Even if Canadian LNG were cleaner than international competitors, we cannot assume that it will replace LNG produced elsewhere. Rather, new LNG projects will generally add to the total global production and consumption of LNG (while reducing profits for producers). In other words, addition is more likely than substitution, and thus emissions are expected to rise. Because of this, it is best practice to consider the emissions impact of new fossil fuel projects in absolute terms—that is, relative to no expansion—rather than in relation to other projects elsewhere.

Would LNG help or hinder the global transition to renewable energy?

Instead of displacing coal use abroad, or even other LNG products, flooding the market with more LNG could disincentivize investments in electrification and new renewable power generation. This is because an oversupply of LNG would deflate gas prices (at the cost of exporters, like Canada), making it more likely for governments and/or companies to lock in long-term fossil fuel infrastructure. This effect may be amplified by market distortions, such as fossil fuel subsidies and geopolitical pressure to expand LNG trade, even as market dynamics increasingly favour renewables over imported LNG. Considering factors such as these, detailed modelling from the U.S. Department of Energy in 2024 found that new LNG exports from the United States are expected to displace more renewables than coal abroad, all while increasing total fossil fuel consumption. The study concluded that “in every scenario, increases in [U.S.] LNG exports would lead to increases in global net emissions.”

An LNG tanker ship travels across the ocean, creating waves as it goes.

Q: Is Canadian LNG a climate solution?

A: No. New Canadian LNG is incompatible with climate targets and diverts resources away from real climate solutions, such as renewable power generation and a clean transportation system.

Is more Canadian LNG compatible with a safe and stable climate?

Regardless of LNG’s emissions relative to other sources of fuel, new LNG production will make it more difficult to stabilize the climate. To maintain the science-aligned 1.5°C limit on global temperature rise, no new long-lead time upstream oil and gas projects are needed—as confirmed by the IEA and others. This includes new LNG facilities that would enable increased upstream gas extraction in Canada’s Montney Basin—one of the world’s largest sources of unburned carbon emissions. In fact, projected fossil fuel production in 2030 is more than double what would be consistent with the 1.5°C limit. Even many existing fossil fuel projects would need to shut down early—including some in Canada—if demand declines in line with this target.

Alternatively, if new projects are developed and fossil fuels continue to be consumed at a level needed to support them, the climate will be destabilized further. Every tenth of a degree of warming matters, with climate impacts on people and the planet expected to increase dramatically as temperatures increase. That means more wildfires, tropical storms, food insecurity, flooding, droughts, human displacement, and wildlife extinctions. The science is clear: a safe and stable climate requires transitioning away from fossil fuels and scaling up clean energy as quickly as possible. For governments that are serious about meeting globally agreed climate goals and protecting their citizens from the worst impacts of climate change, LNG expansion is simply not an option.

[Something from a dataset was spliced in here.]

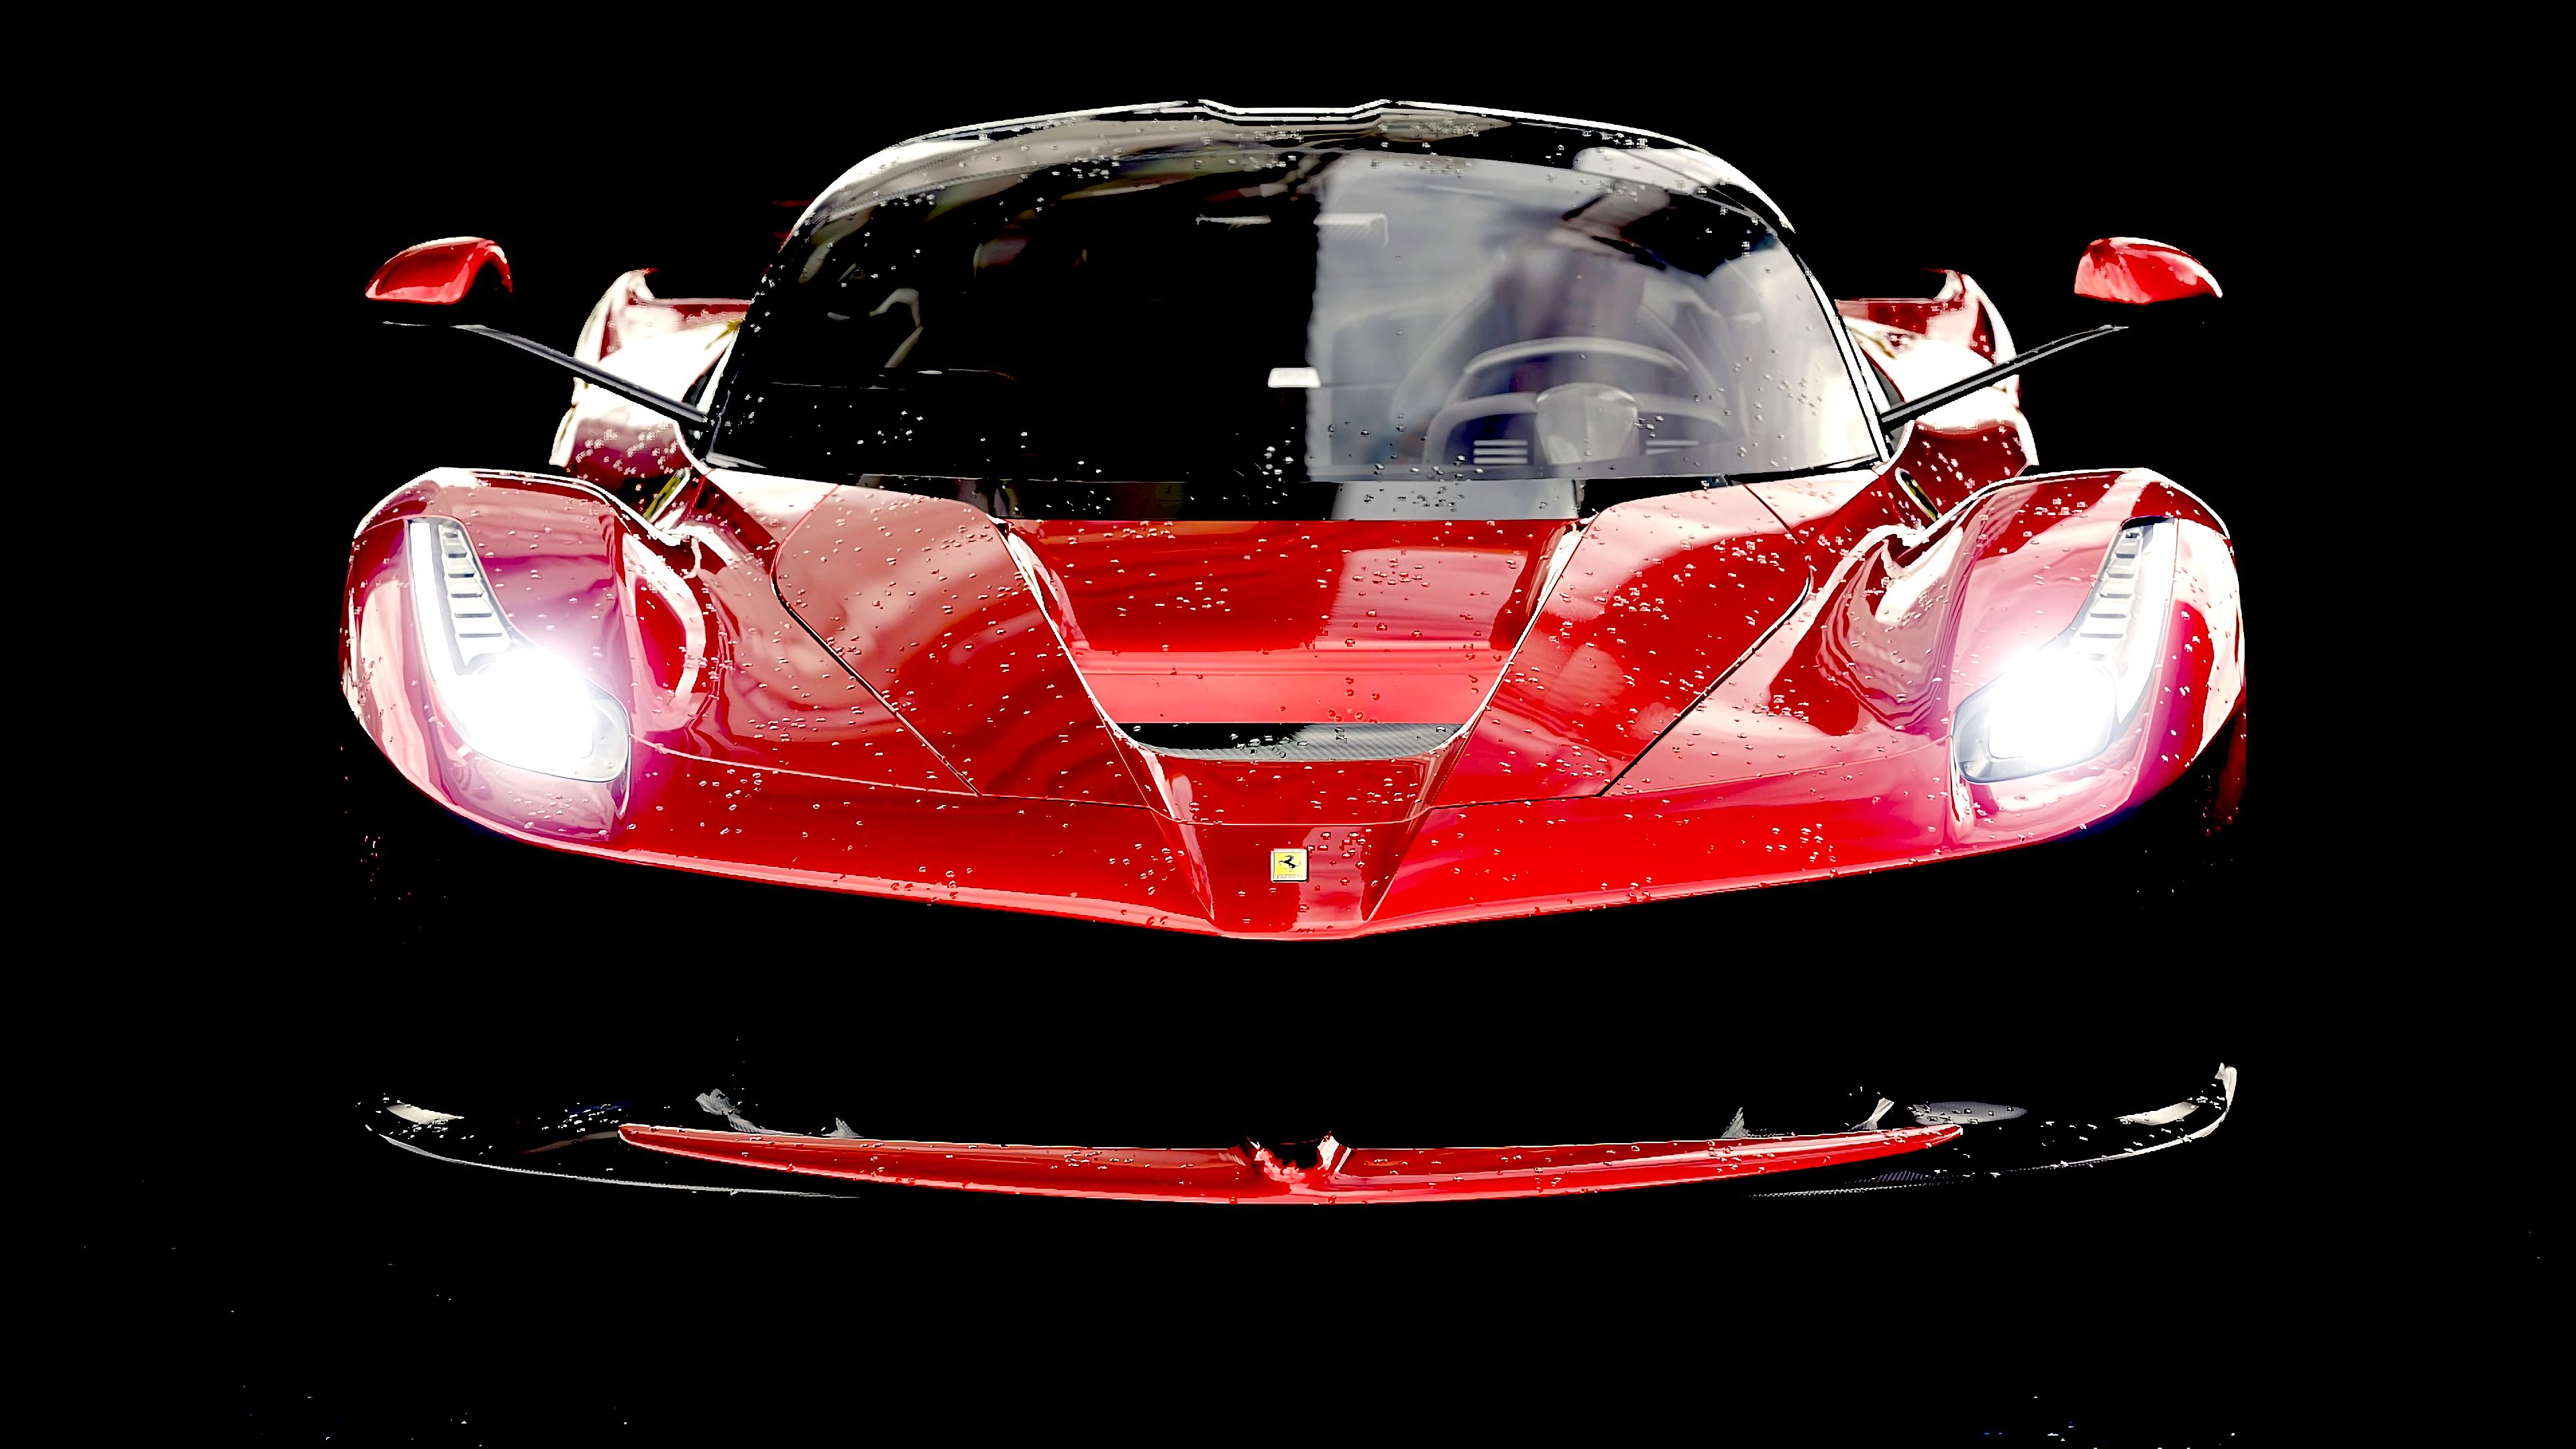 Скачать обои бесплатно Ferrari Laferrari, Тачки (Cars), Красный, Спорткар, Вид Спереди, Феррари (Ferrari) картинка на рабочий стол ПК

Do LNG projects come with opportunity costs?

The governments of Canada and B.C. have allocated at least CAD 3.93 billion in financial support for new LNG projects by the end of 2030. This creates an opportunity cost as public money is used to enable fossil fuel development at the expense of other projects that could create jobs, reduce household costs, and facilitate the transition toward a cleaner economy. For example, a clean transportation system could employ over 1.6 million people by 2050. A net-zero electricity grid could save Canadian households CAD 15 billion annually by 2050. Meanwhile, a wave of clean energy retrofits for Canadian homes could save households CAD 10.8 billion annually by 2050 while creating over 100,000 jobs. The more public money is used to expand fossil fuel infrastructure, the less is available to support real climate solutions.